Indeed. The games industry uses immediate mode GUIs and people get upset if they achieve less than 60fps. Having everything be this slow is just a huge failure of coordination on behalf of the industry.

(next mini question: why is it seemingly impossible to make an Android app smaller than 60mb? I'm sure it is possible, but almost all the ones I have from the app store are that size)

  • Can't speak for every app but I've worked on several through the years, a sizeable chunk of all the apps I've worked on were assets. It's possible to hide a lot of it from the app store size if you really wanted to but you'd end up downloading all the assets at some point anyway so there's really no point in putting the extra engineering effort in just to make your app store number look smaller.

    This obviously isn't the case for every app and most of the ones I've worked on had a lot of bloat/crap in them as well.

Make a single example of an app that from when I click to the opening takes less than that.

I've just tried whatsapp, notes, gallery, settings and discord out of curiosity, none did and I have a very fast phone.

  • It sounds like you're referring to app-launch time, which is different from screen-load time. Very different things!

Check out Avalonia [0]

It's a cross-platform spiritual successor of WPF and it kicks ass! You get proper separation of models and views, you can separate what controls there are from how they look (themes/styles), you can build the entire thing into a native compiled application with very reasonable speed and memory use.

[0] https://avaloniaui.net

> I just hope that people choose targets closer to 100ms.

Why? If it's about the phone burning battery for 500ms, it probably isn't doing that - it's just waiting for data to arrive. And even when it's rendering, it's probably not burning battery like say Uber (with which you can feel the battery melt in your hands).

But that's not why I am commenting. I am writing because so many commentors are saying that 500ms is bad. Why is 500ms bad, as long as the UI is not freezing or blanking out?

Why not lower expectations, and wait for half a second? Of course, there are apps for which 500ms is unacceptable - but this doesn't seem to be one of them.

Subjectively, I find the Shop app to be quite nice and speedy. It works well enough that I’d never have guessed it is using any kind of cross platform framework.

It’s easy to get caught up on numbers, but at the end of the day the user experience is all that matters. And I very much doubt that performance is a concern for their users.

  • Exactly. Tech people almost always go to the "performance wormhole" arguing about ms and how it could be improved 10x - myself included. But working at a startup the past couple of years, I came to the conclusion that it does not matter to the end users at all. If an app is "nice" and "speedy" as you say, that’s enough. Shopify made a good decision and tradeoffs; it works for them, and I would argue it would work for 90% of other companies as well. You don't really need a native app for most purposes; React Native and Flutter are good enough.

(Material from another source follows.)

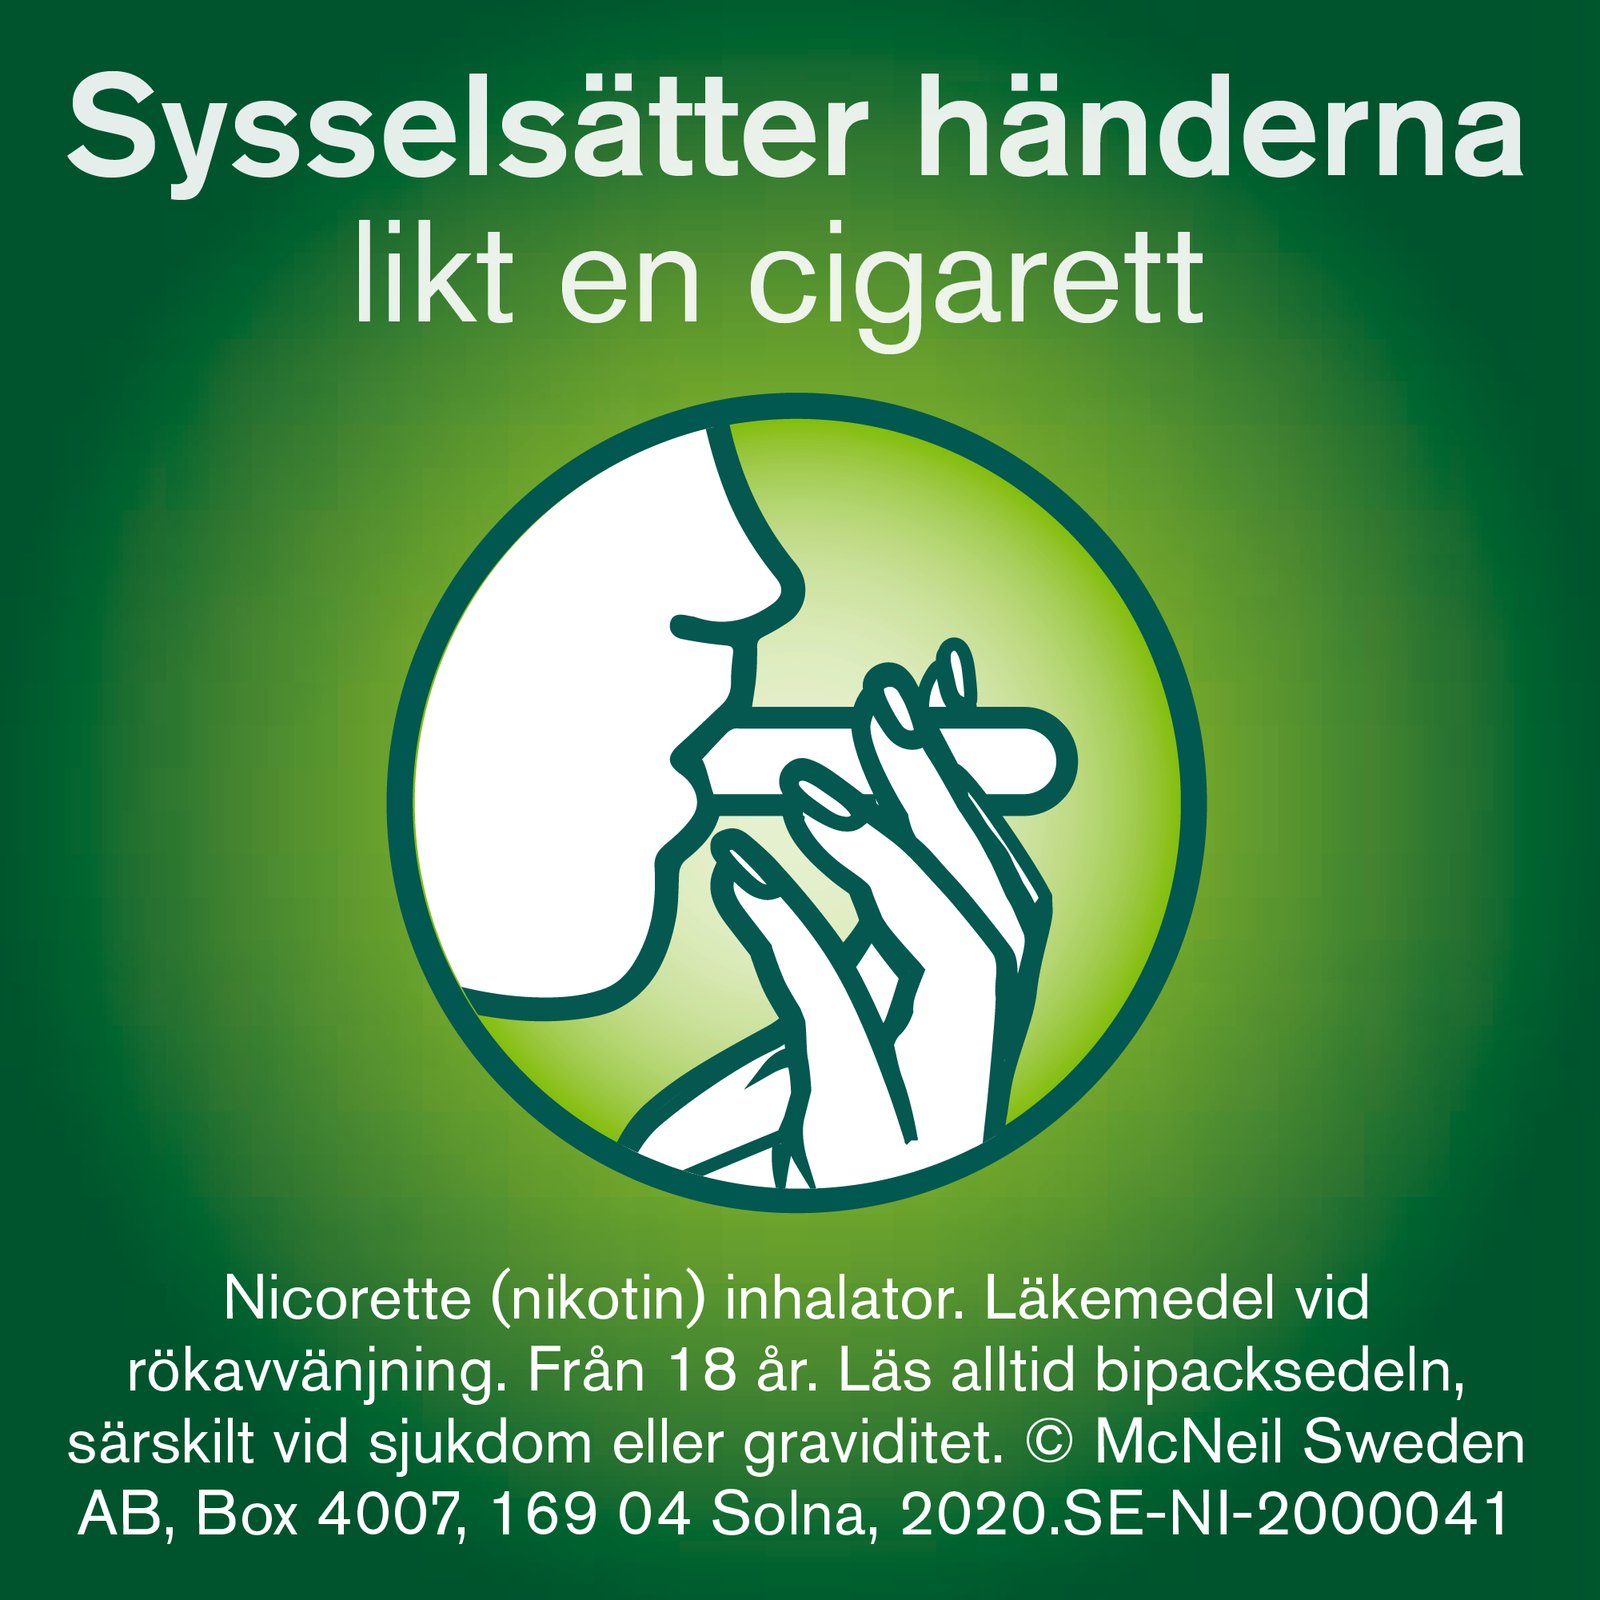 Nicorette Inhalator Inhalationsånga Vätska 10 mg 42 st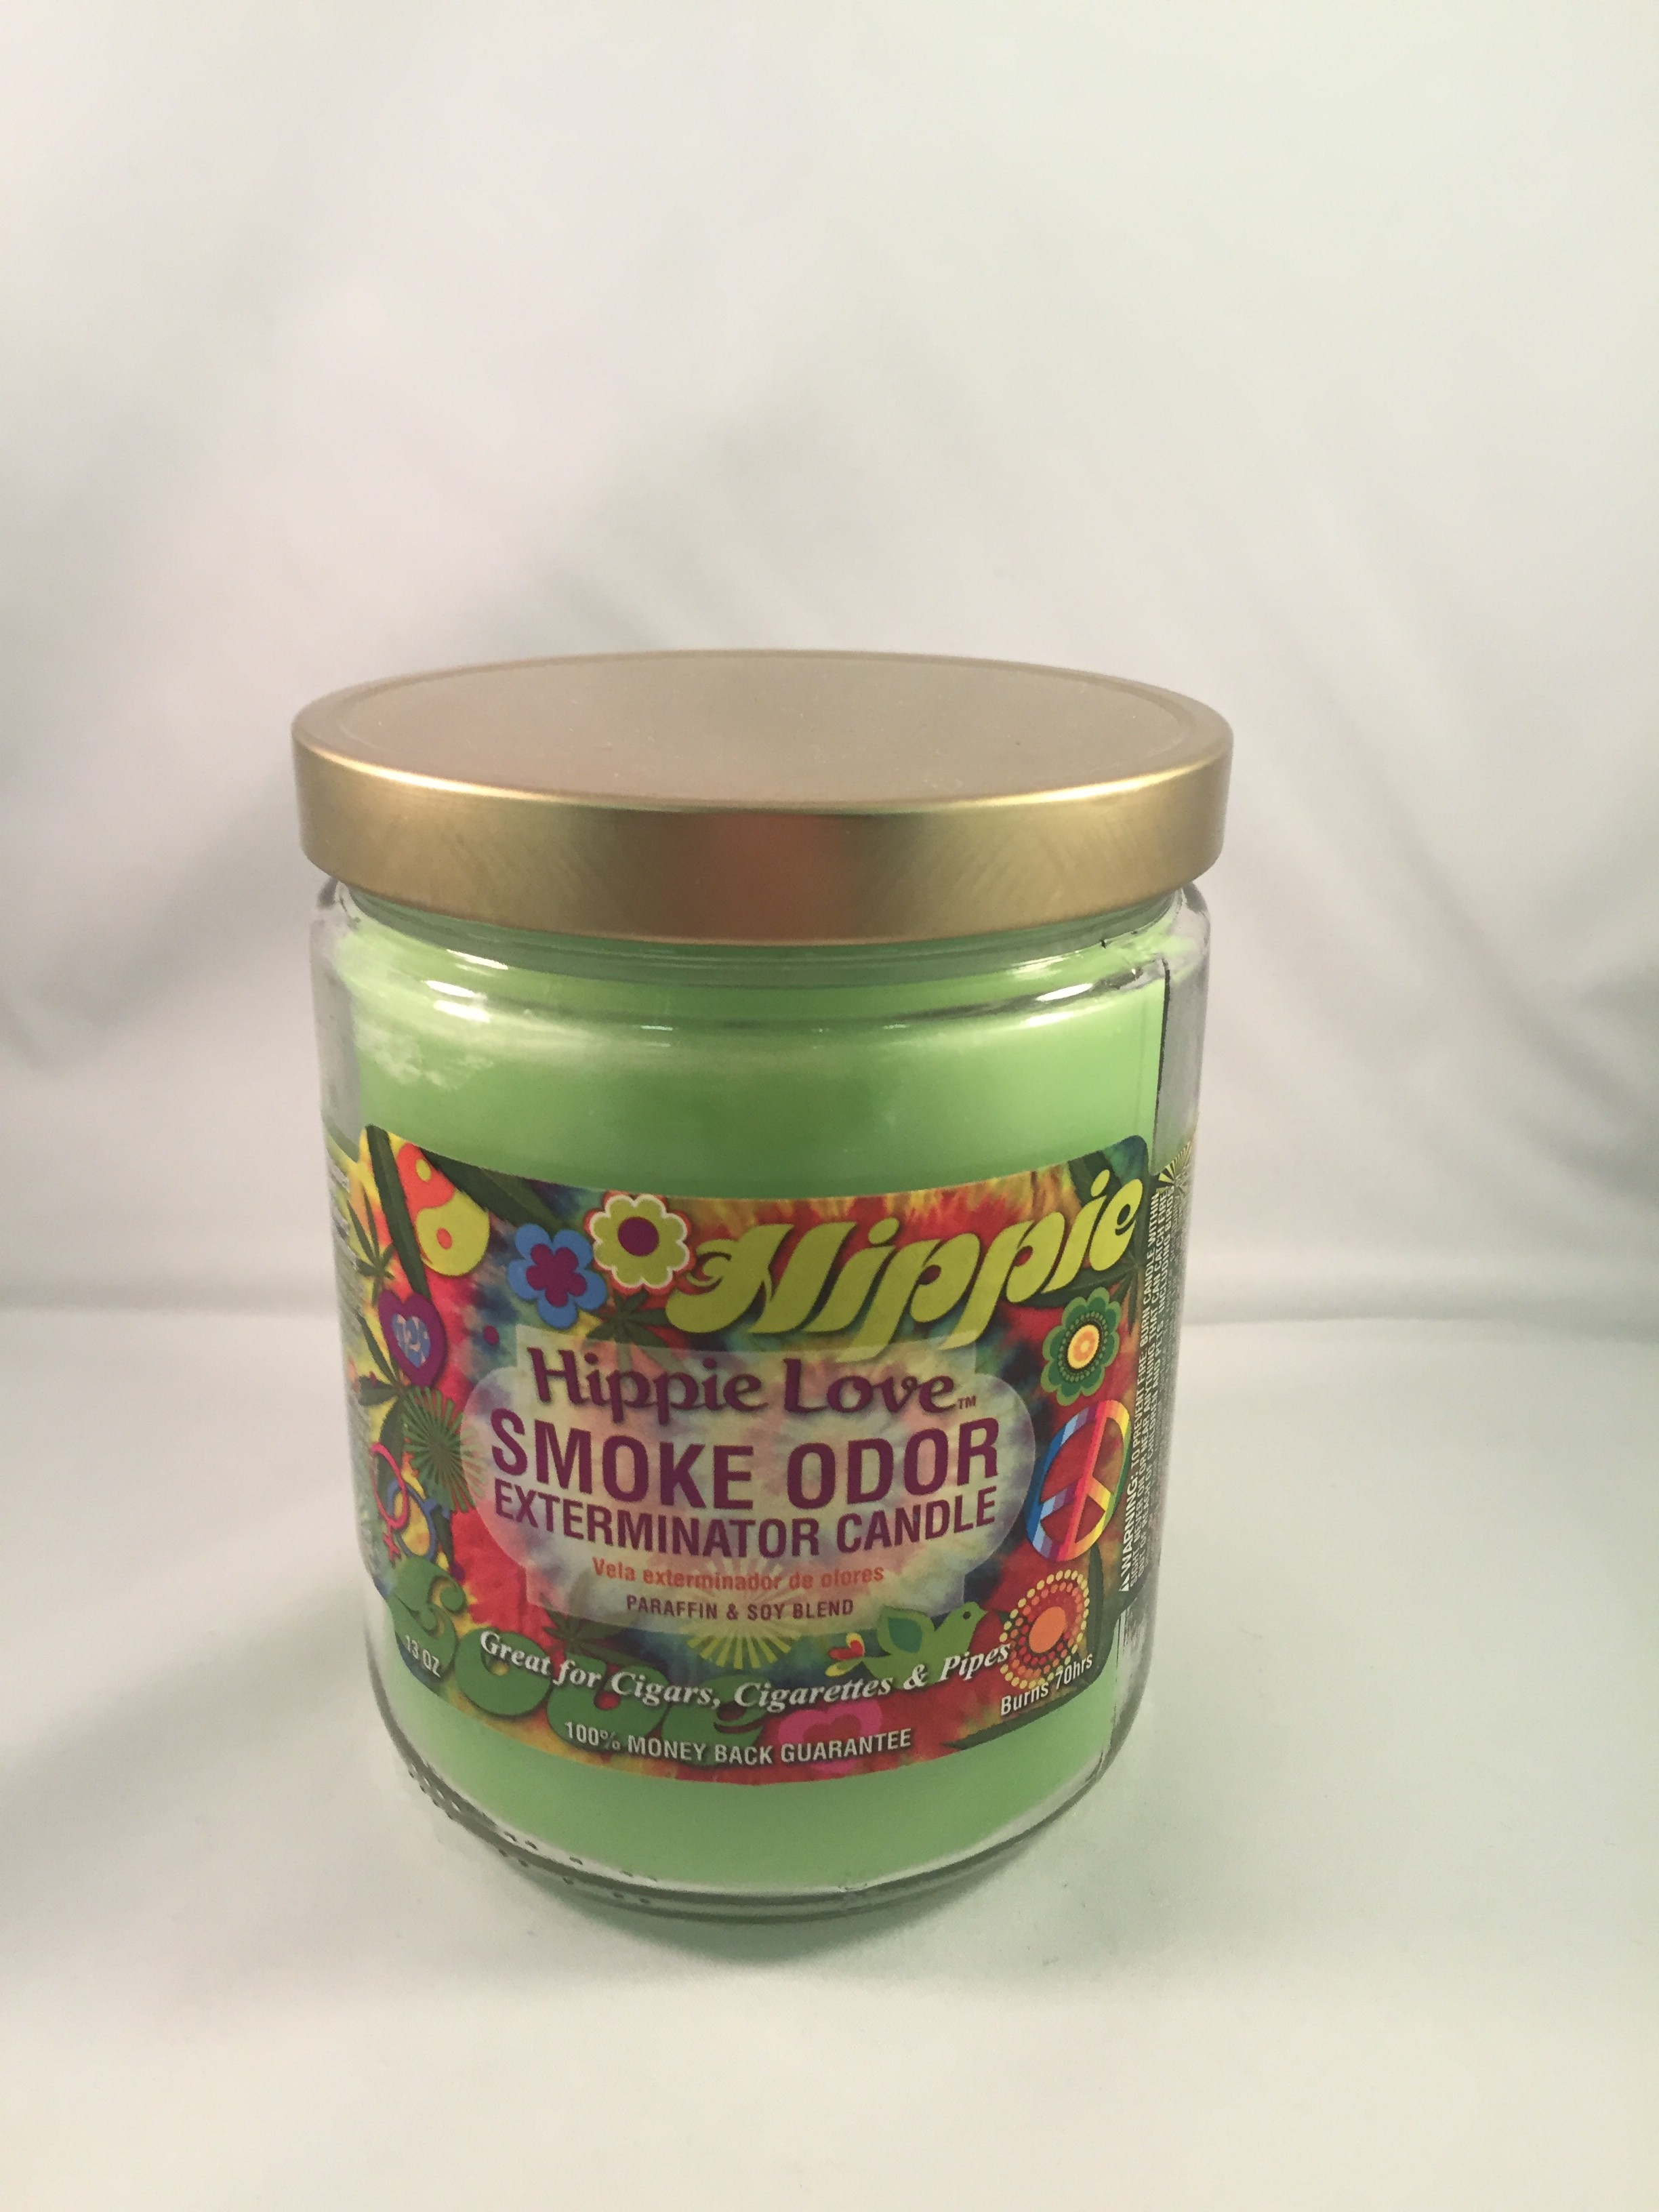 Smoke Odor Exterminator Candle - Hippie Love

Assuming the 500ms is mostly delay for fetching data over a socket, unless the code is really broken that should not really be burning battery. <500ms for display of non-trivial network-fetched data is great regardless of whether it's rendered by react native or is a fully native app. They would both be I/O-bound on the network primarily, with a small but insignificant compute overhead for RN. If the data needs lots of transformation (though not compute-intensive transformation like calculating hashes or somethign) upon returning that could make a difference, though again I'd be surprised if CPU for RN vs native was all that different.

As an Elixir dev who aims for and routinely achieves <10ms response times, (and sometimes < 1 ms for frequent endpoints that I can hand optimize into a single efficient SQL query, which Ecto makes easy I might add!) I find the response time to be the more egregious part :-D

> Having your app burn battery for half a second doing absolutely nothing is bad UX.

Why are you assuming the app is either burning much battery or even doing more than waiting on current data from the server? For an app that I would assume isn't much use without up-to-date data from the server?